Posted by Grimmshade
2/21/2018 12:58 pm
#37

@Jimm.Iblis - Ha! Great breakdown of Thugra Khotan's fate.


"But not all men seek rest and peace; some are born with the spirit of the storm in their blood" -REH
Rambling Conan Blog

 
 
Posted by Jimm.Iblis
2/21/2018 1:16 pm
#38


All he had left was Summon Monster 1.

Last edited by Jimm.Iblis (2/21/2018 1:16 pm)


"Role-playing isn't storytelling. If the dungeon master is directing it, it's not a game."  ~ Gary Gygax
 
Posted by under_score
2/21/2018 2:31 pm
#39

Jimm.Iblis wrote:

Here is the beauty of that: through that one job, which very few of us have the time, patience, or whatever to do well, I can ease them, bit by bit, back to the foundations of the D&D experience that we love enough to take [looks at clock] well, a great deal of time deconstructing, analyzing, advising on, publishing.
 

This is very true.  In our game, the rest of the group all started with 3x, and when we first started playing together, it was kind of rough.  TPKs were frequent, they complained about having nothing to do but swing a sword each round, they didn't want to track resources, and so on.  But over the past couple years, they've evolved into a pretty efficient party.  We're a dozen sessions in with no deaths.  They spike doors, throw down incendiary fire, collect every available resource to keep themselves alive and kill enemies without risk, focus on getting the treasure over killing monsters, and generally play the kind of game that I love running.

 
Posted by Brock Savage
2/21/2018 3:30 pm
#40

I read this thread and cringed as I remembered 1st level wizards being single-charge magic items.  During my old school experiences, after a wizard cast his spell it was back to the rear of the party for rest of the session.  

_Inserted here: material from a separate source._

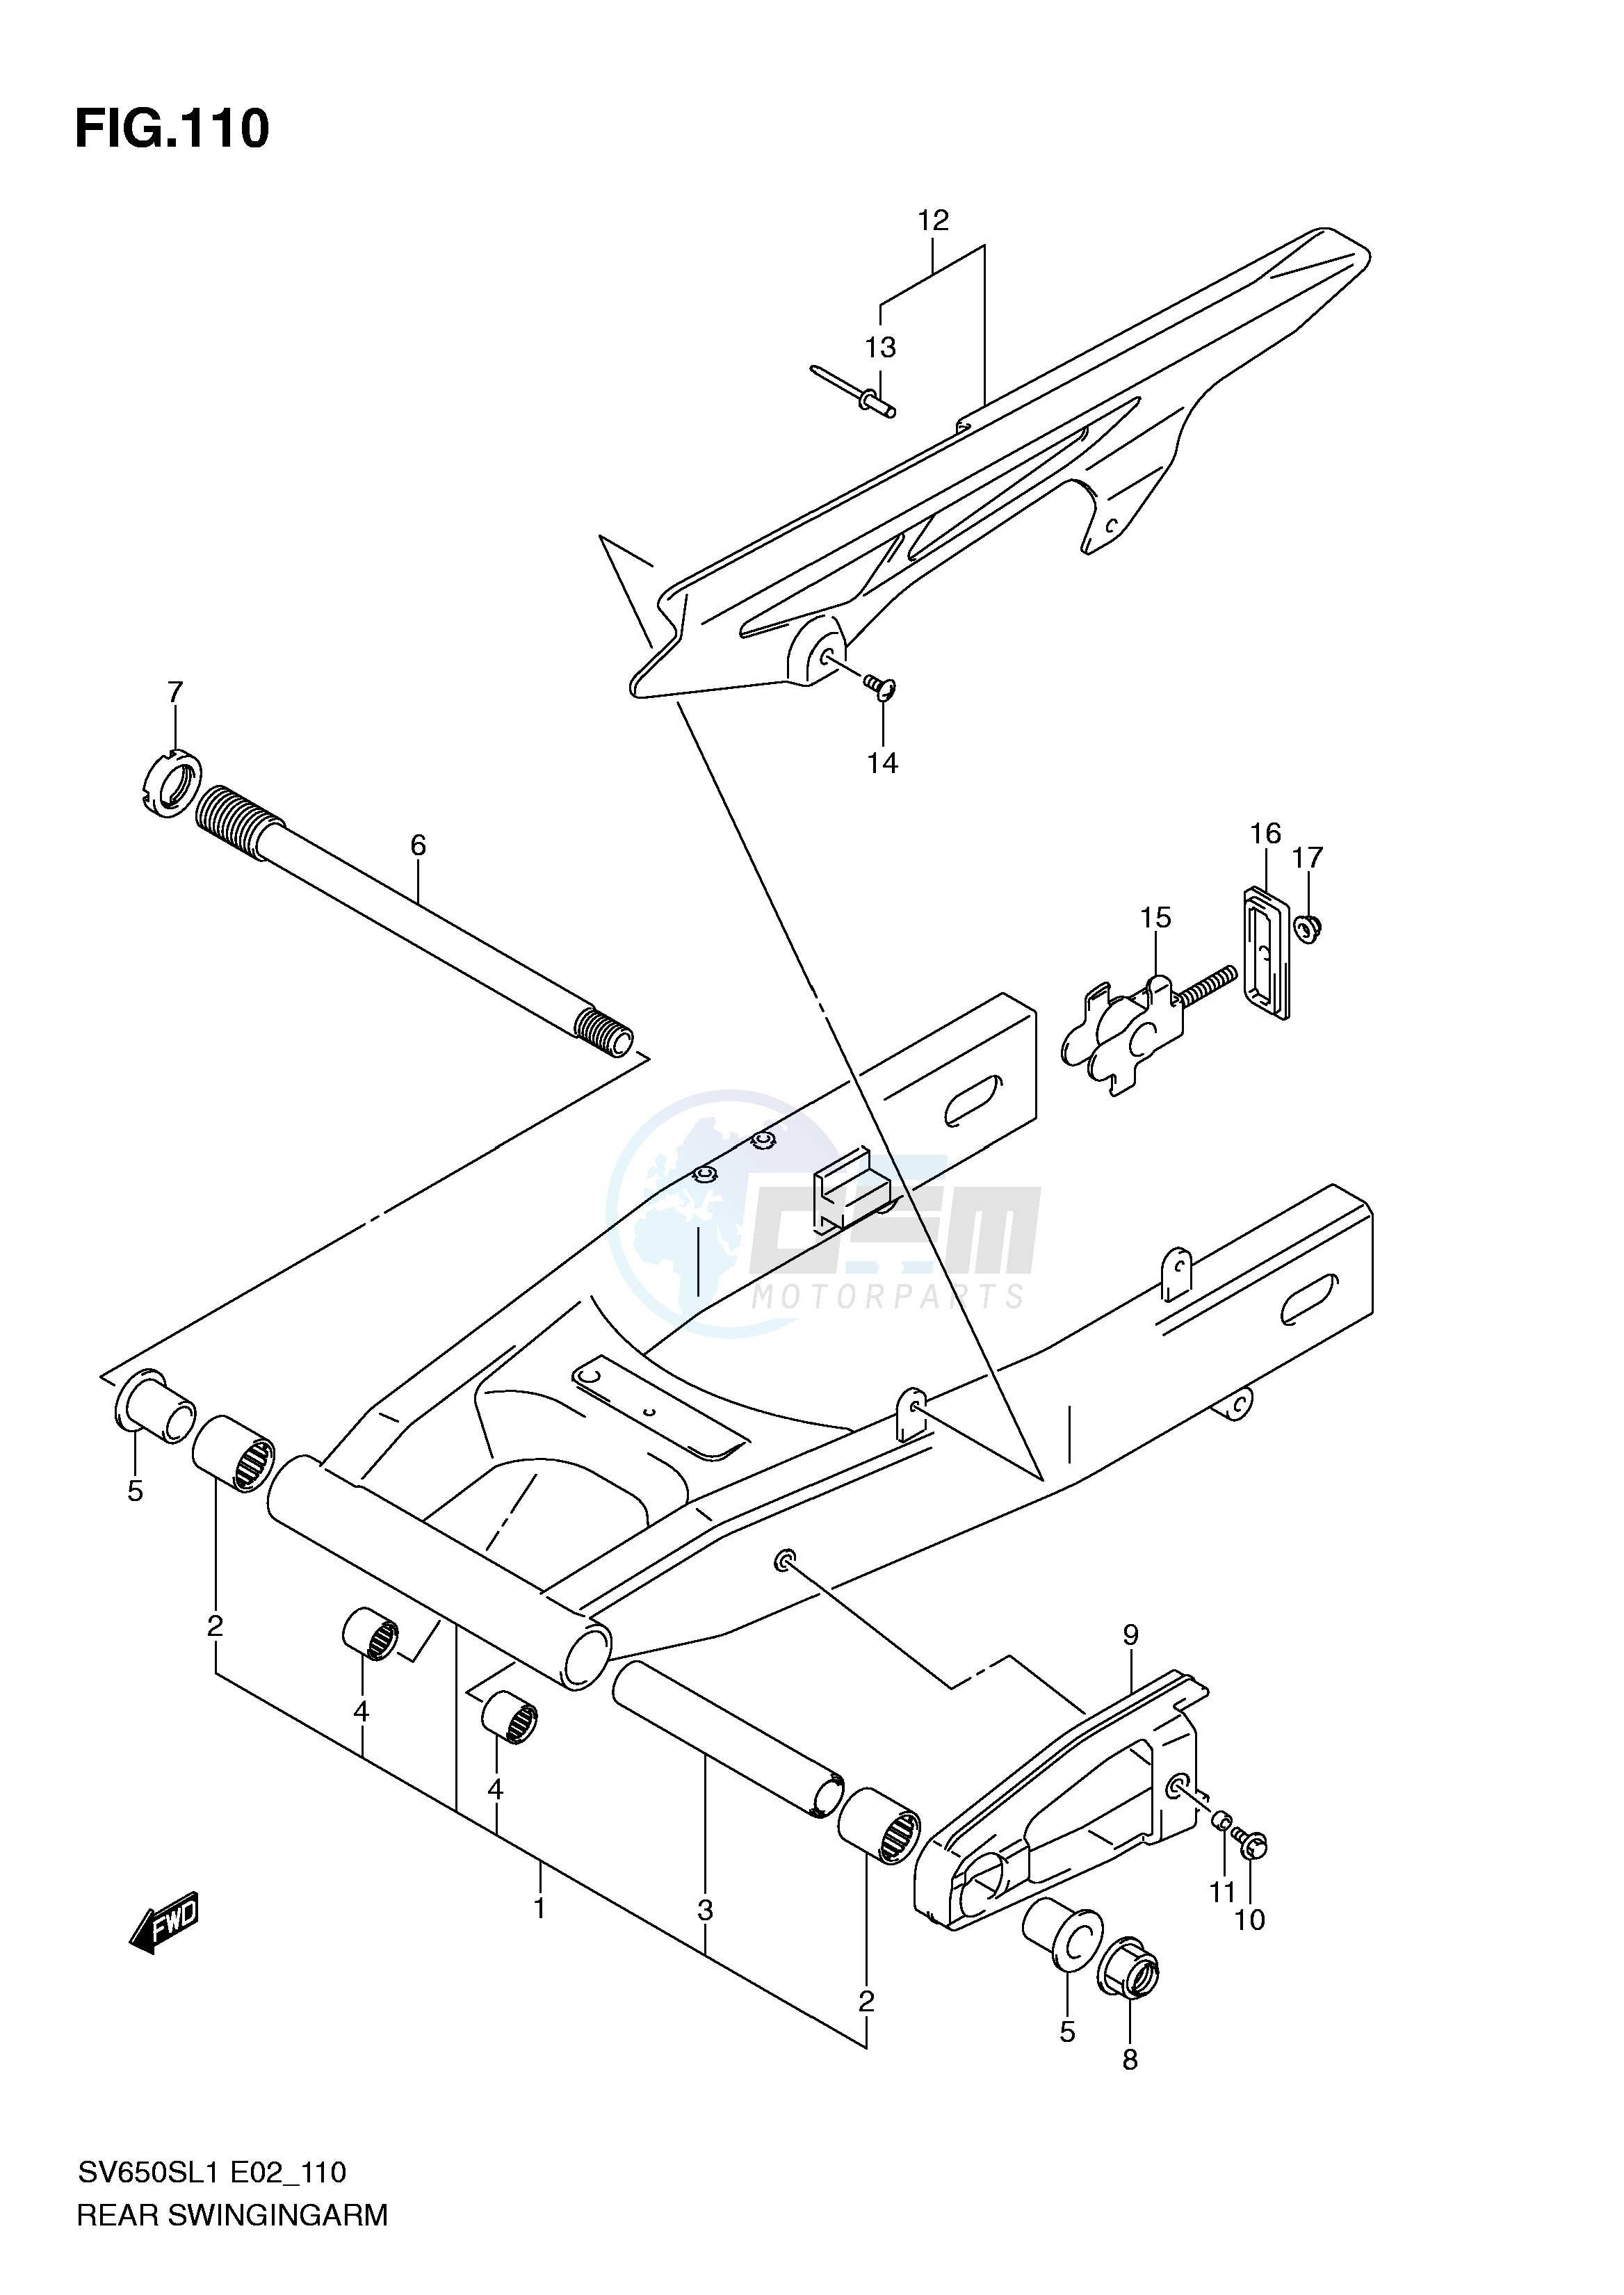 REAR SWINGING ARM (SV650SL1 E2) blueprint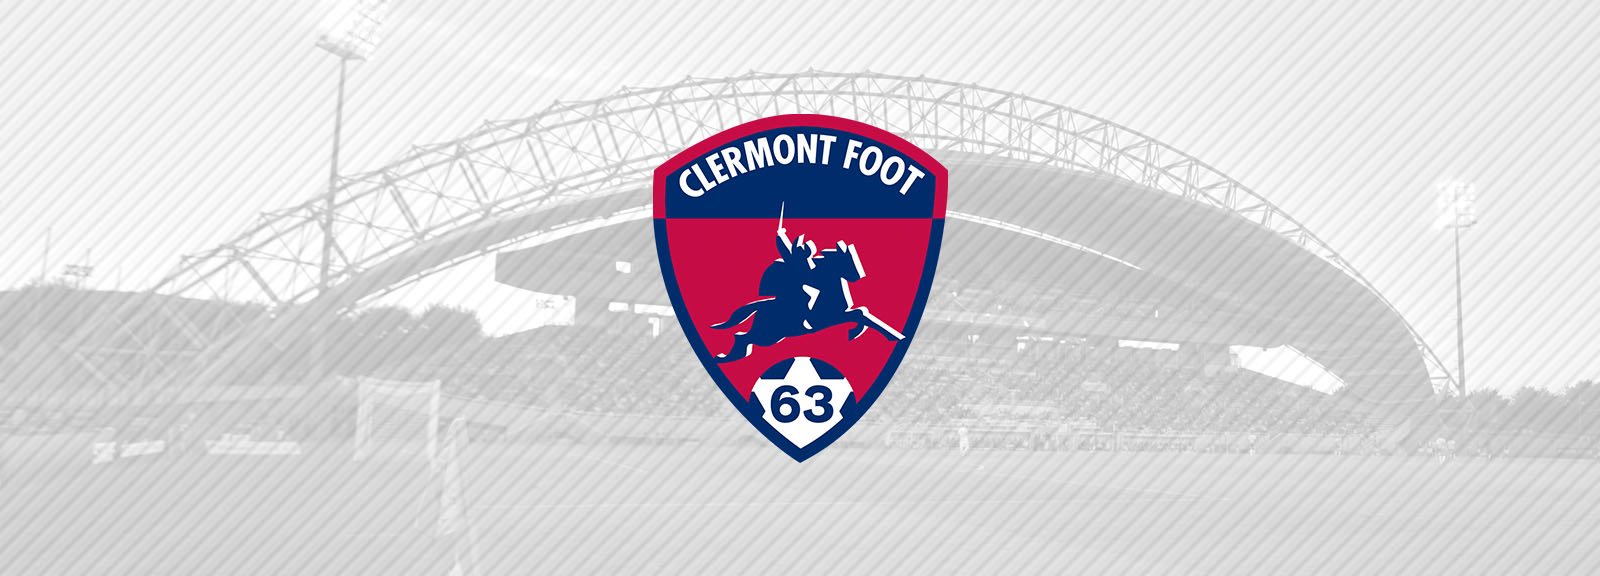 Comunicado de prensa Clermont Foot 63 – Clermont Foot

I'm not trying to piss in anyone's Cheerios but to be honest, I have mostly negative "old school" experiences. Maybe the D&D scene was bumpin' in the 1980's Midwestern "D&D Belt" but for a kid in a Southern California barrio the pickings were slim. The players I did find were mostly adult and always weird.  Gameplay was jarringly different from I imagined it would be, wavering between boring and frustrating. Adversarial DMs seemed to be the norm. Frankly, it's a miracle that I continued to be interested in gaming long enough to start DMing on my own by using my previous experience as examples of what NOT to do. I ran Cyberpunk2020 and didn't look back until the OSR hit its golden age with the introduction of Astonishing Swordmen & Sorcerers of Hyperborea.

This all being said, the OSR movement is a massive font of creativity. It is great to see that people had fun with the old ways; I want to capture that magic and share with my friends. To that end, I voraciously devour the nuggets of wisdom doled out by the pro-tier old schoolers on this board and a few blogs.